1. Introduction

In this project, we'll build a multilabel classifier to classify Disaster event related messages into appropriate categories. This can can help tell us about the nature of the event so that the message can be routed to the correct organizations, enabling faster mobilization of resources.

The project will be divided into two separate modules: "Extract, Transformer, Load" and Machine Learning. As you'll see, the initial data for the project is not clean. We'll take this opportunity to showcase some basic ETL skills, and save the clean data to a Sqlite database, which can then be loaded by the ML pipeline. Finally, we will train an XGBoost classifier to predict the labels fo new messages.

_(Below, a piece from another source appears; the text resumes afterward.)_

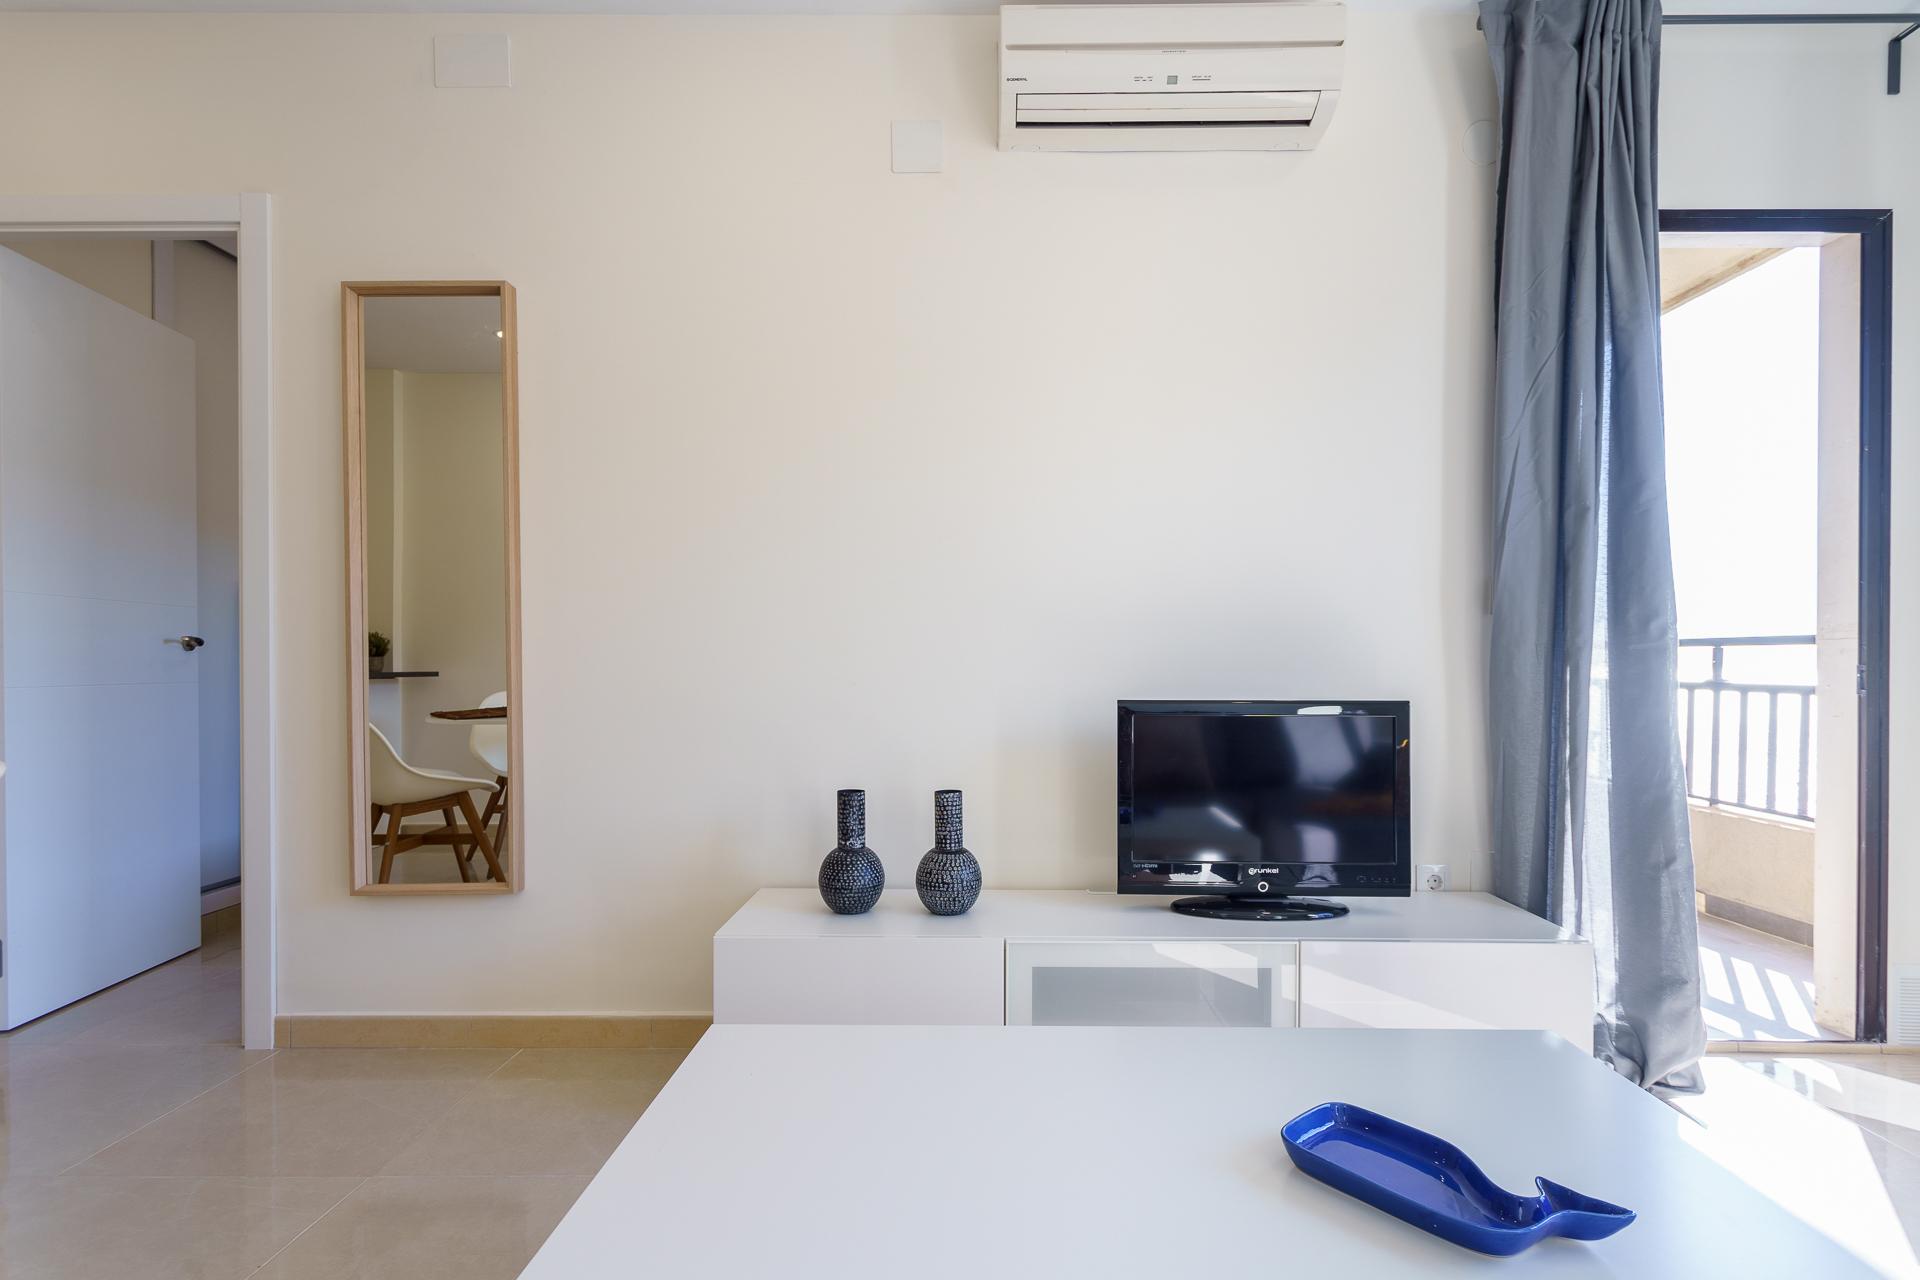 Apartment MalagaSuite Cozy Apartment in Fuengirola photo 20507078

This is a walkthrough notebook of the project. The finished scripts, and a web app with a user interface to allow message classification can be found here.

Note: This project is available as part of some Udacity nanodegrees.

In [ ]:
import pandas as pd
import matplotlib
from sqlalchemy import create_engine

2. Data

Data is available to us in two different files: disaster_messages.csv and disaster_categories.csv.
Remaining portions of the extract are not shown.